Le croissant

C’est le bonheur des petits-déjeuners du dimanche. Il est léger et trop vite avalé. Aujourd’hui, la petite histoire du croissant.

La légende raconte que le croissant serait né à Vienne en 1683. A cette époque, la ville était assiégée par les troupes ottomanes. Une nuit, les boulangers de Vienne entendîrent l’ennemi creuser des galeries. Ils donnèrent l’alarme et l’armée pût les repousser. Pour immortaliser l’événement les boulangers fabriquèrent des petits pains en forme de croissant en souvenir de l’occupant, le croissant étant le symbole de l’empire Ottoman.

« Il est arrivé en France a la fin du XVIIIème siècle avec Marie Antoinette qui était donc autrichienne. Donc elle est venue avec ses boulangers viennois qui ont apporté toutes les spécialités, toutes les viennoiseries que l’on connait aujourd’hui, les principales donc : le chausson aux pommes, la brioche et donc le croissant. Donc déjà un siècle après l’arrivée du croissant originel qui était en, qui était fait de pâte à pain, la recette c’est enrichie et donc c’était devenu plus une pâte à brioche, une pâte avec un apport de sucre et de beurre. »

Au  XIXème siècle, les Français rajoutent encore du beurre, du beurre, et encore du beurre, de la levure pour l’aérer, un peu de sucre et le croissant est devenu une pâte feuilletée. Ce croissant là, celui qu’on avale sur le zinc avec un café, celui-là est à peine vieux d’un siècle. Il est typiquement parisien et il est l’œuvre d’un boulanger du nom de d’Auguste Colombier.

« Il a adopté la technique du feuilletage, c’est-à-dire qu’il a incorporé du beurre à la détrempe, ce que l’on appelle la détrempe c’est la pâte d’origine. Et donc en étalant ce beurre emprisonné dans la pâte, et en faisant des plis, en repliant tout simplement le pâton sur lui-même, il arriva à former une couche de feuilletage, c’est-à-dire le feuilletage c’est de la pâte, du beurre, de la pâte, du beurre, de la pâte et c’est ce qui forme c’est feuillets que l’on connait et qui donne le croustillant du croissant moderne. »

Le croissant, c’est tout un art.

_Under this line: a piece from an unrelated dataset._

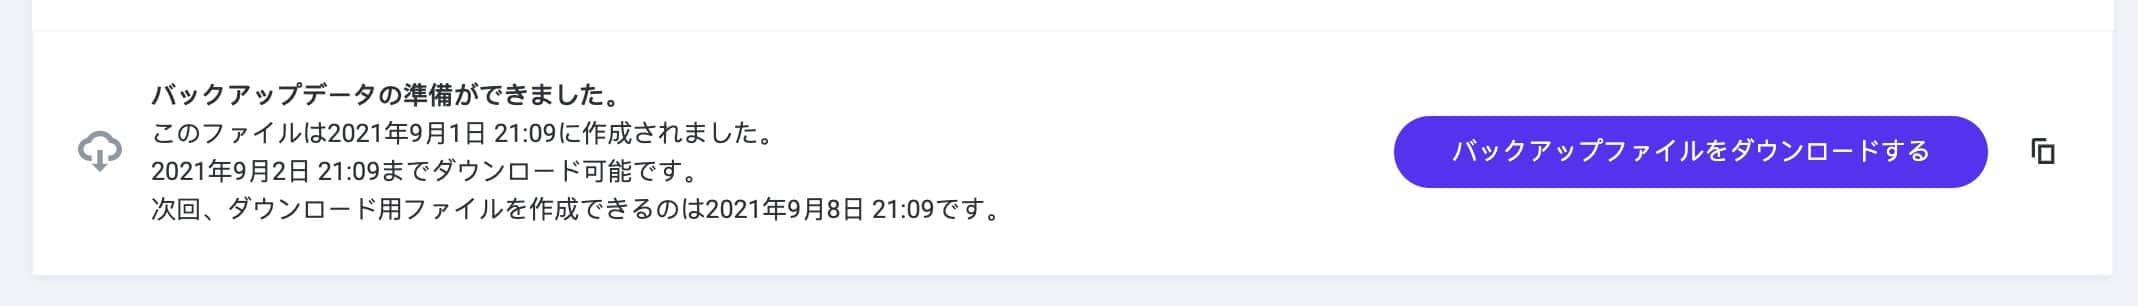 DevKinstaバックアップのダウンロード

L’art de le fabriquer, l’art de le consommer et l’art de l’accommoder. En France, on l’aime au beurre, trempé dans du café et pour les plus gourmands, fourré aux amendes, alors qu’en Allemagne, cette viennoiserie sucrée est devenue salée. Les allemands l’ont mariée avec du jambon et du fromage.

« En Allemagne et en Autriche il y a beaucoup de variantes, ils incorporent des garnitures, un petit peu comme nos croissants aux amendes mais avec d’autres variations. Il y en a qui mettent de la pâte à base de noix, d’autres de la pâte d’amendes. Il y a également des croissants salés avec du jambon, avec du fromage. Nous on est restés quand-même assez classiques, fiers de notre création. »

Pour la petite histoire, le croissant vient du latin « crescere » qui signifie « grandir ». Le croissant est le temps qui s’écoule de la nouvelle lune à la pleine lune.